--- Supplied information Enclosed Below ---
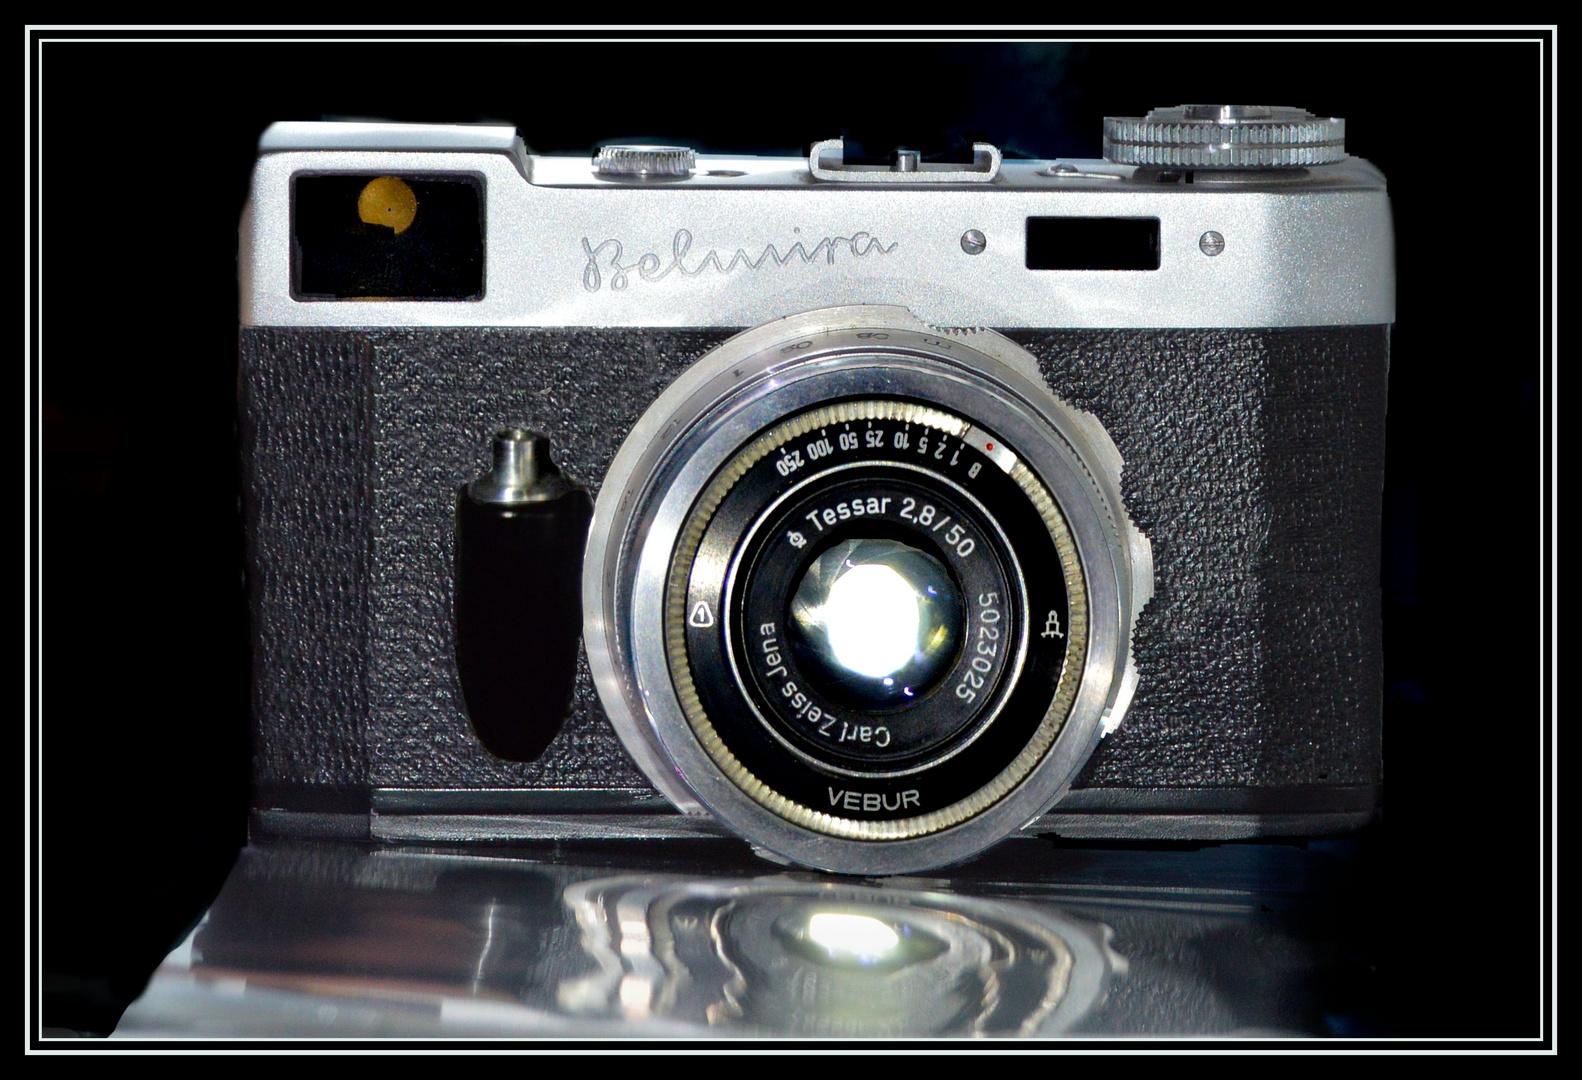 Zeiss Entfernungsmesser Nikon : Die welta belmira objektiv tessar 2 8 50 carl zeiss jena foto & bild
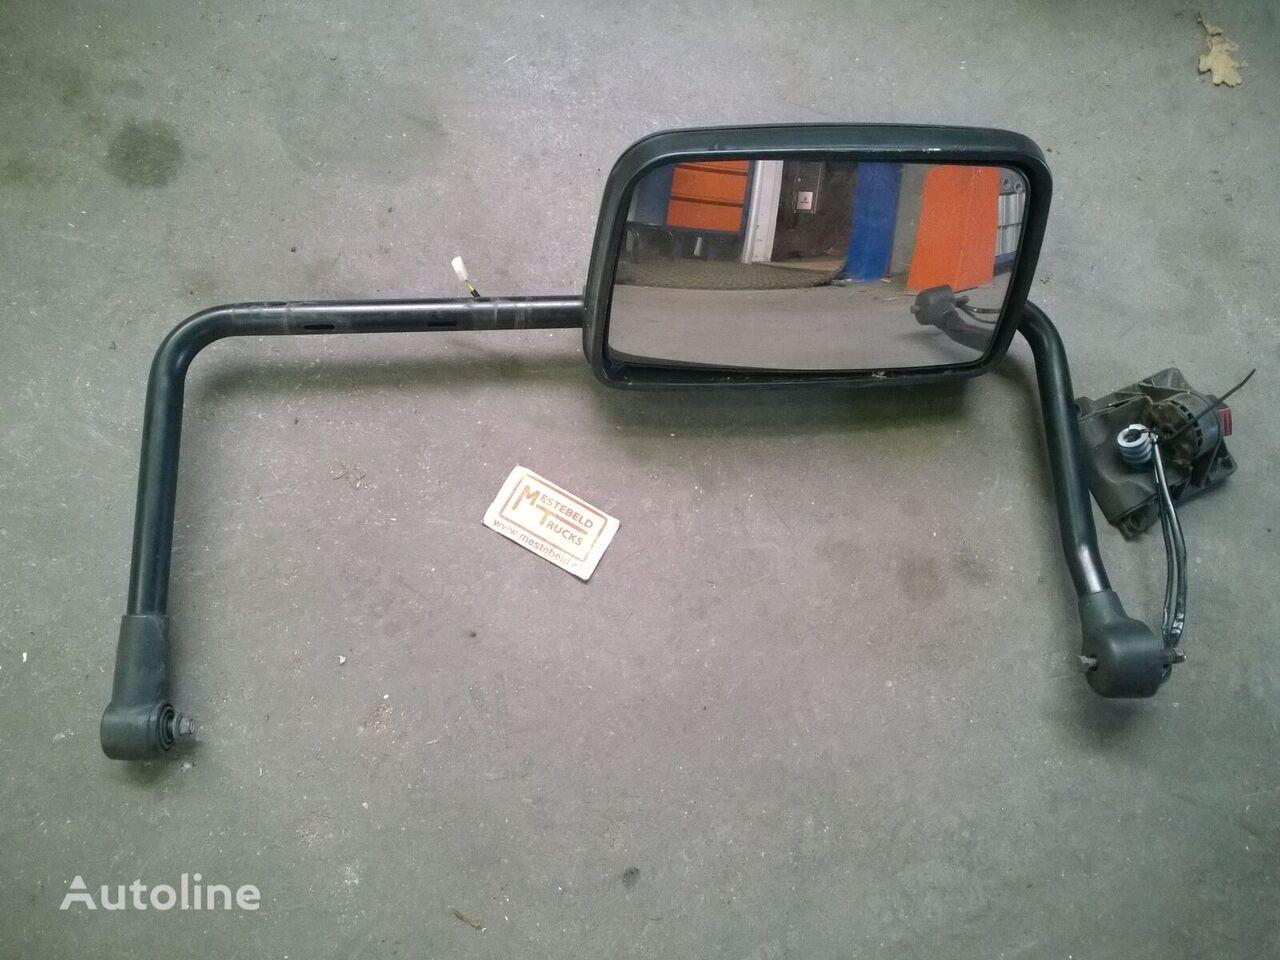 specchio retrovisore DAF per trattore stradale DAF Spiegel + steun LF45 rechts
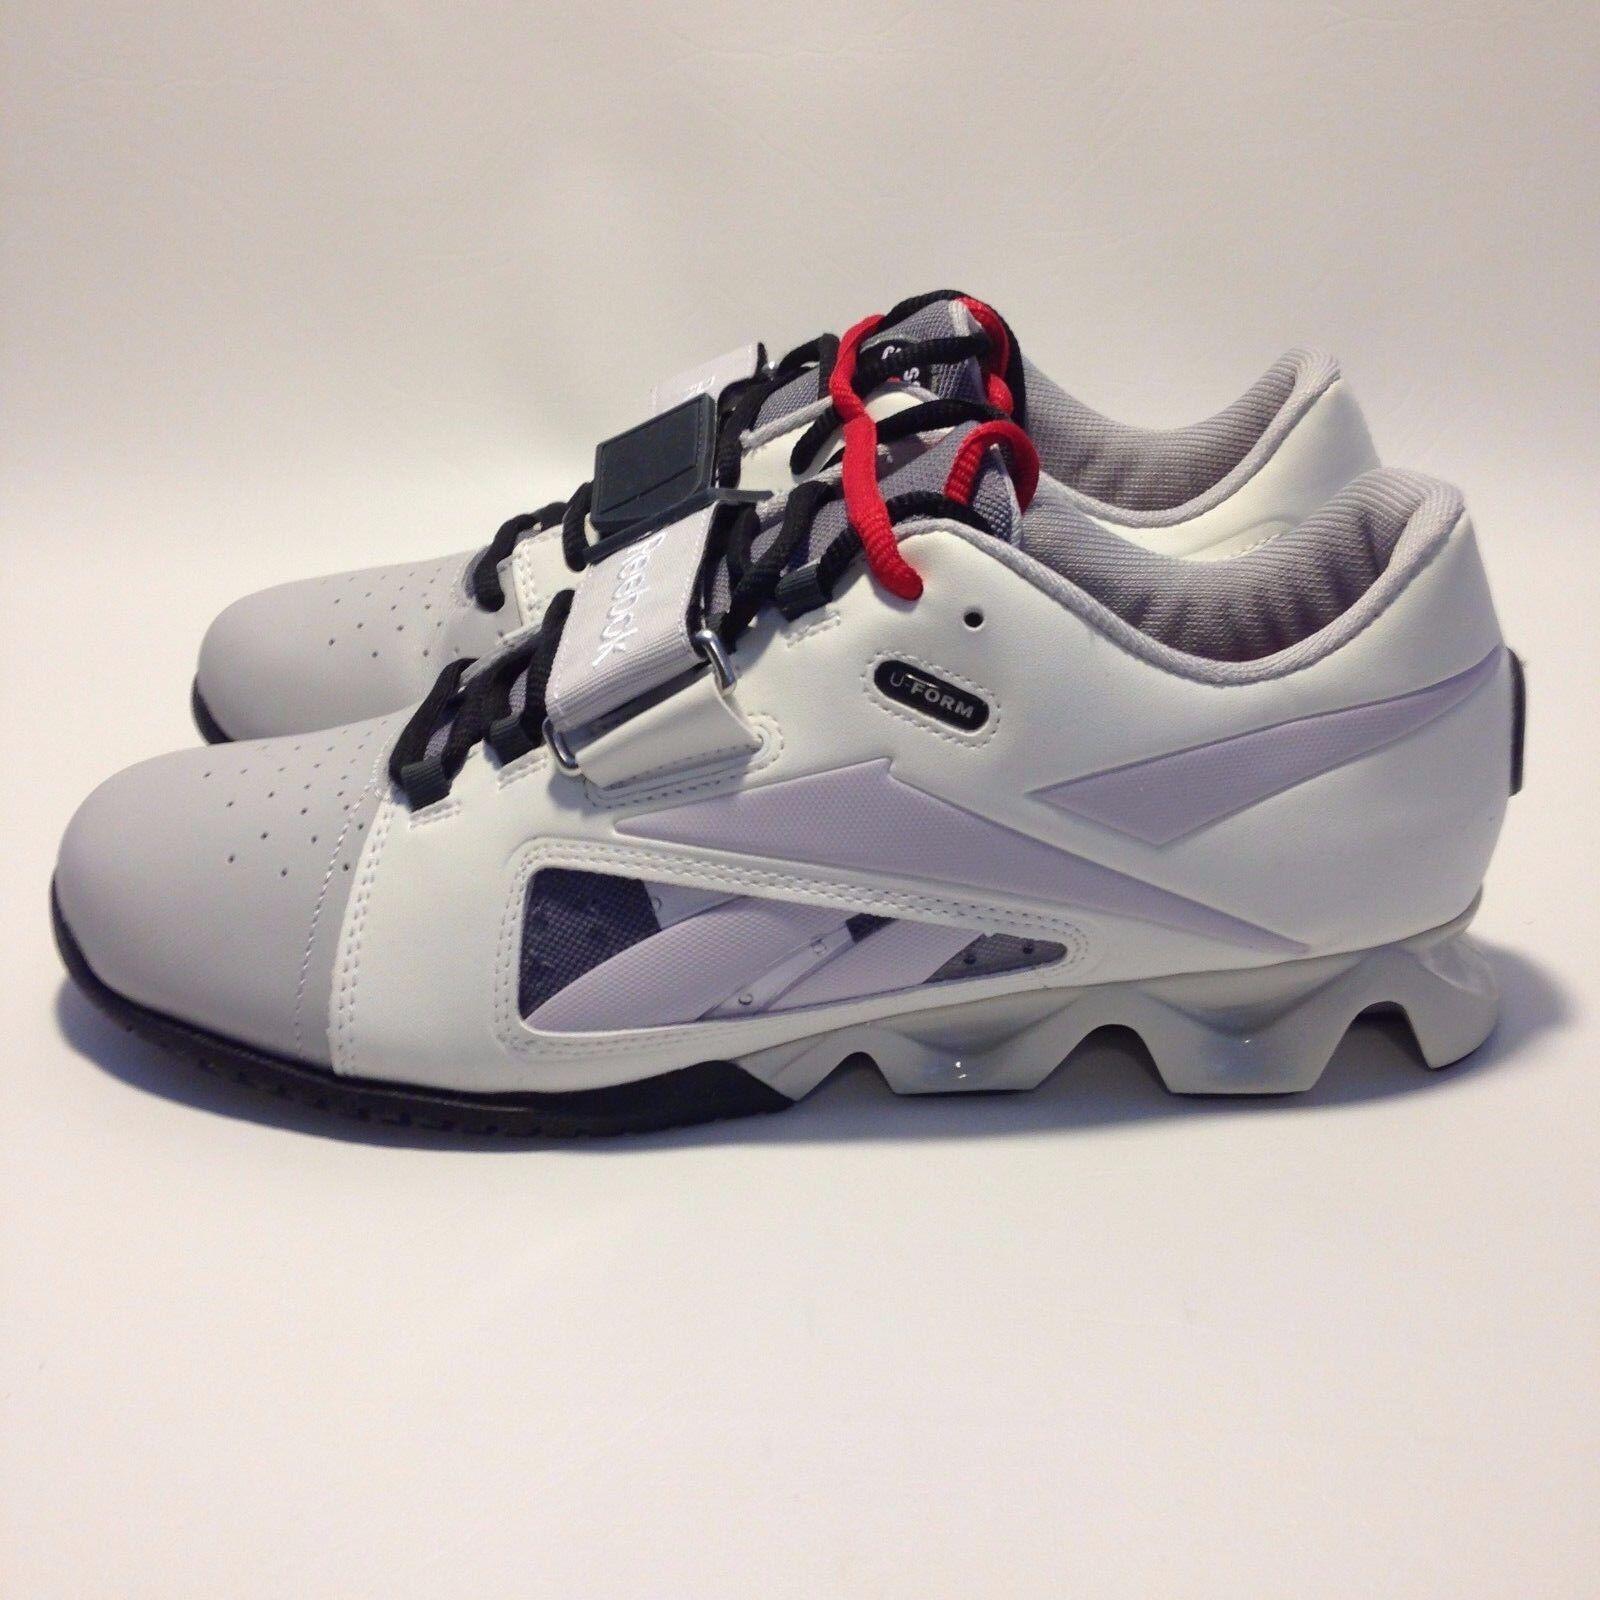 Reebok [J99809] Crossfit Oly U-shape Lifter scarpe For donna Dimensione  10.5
--- End of Enclosed Supplied information ---
Your task is to repeat exactly the lines from the one containing "specchio retrovisore DAF" through the end of the material, both included, and only those, without pictures.

* Response to this exercise
 specchio retrovisore DAF per trattore stradale DAF Spiegel + steun LF45 rechts
 Reebok [J99809] Crossfit Oly U-shape Lifter scarpe For donna Dimensione  10.5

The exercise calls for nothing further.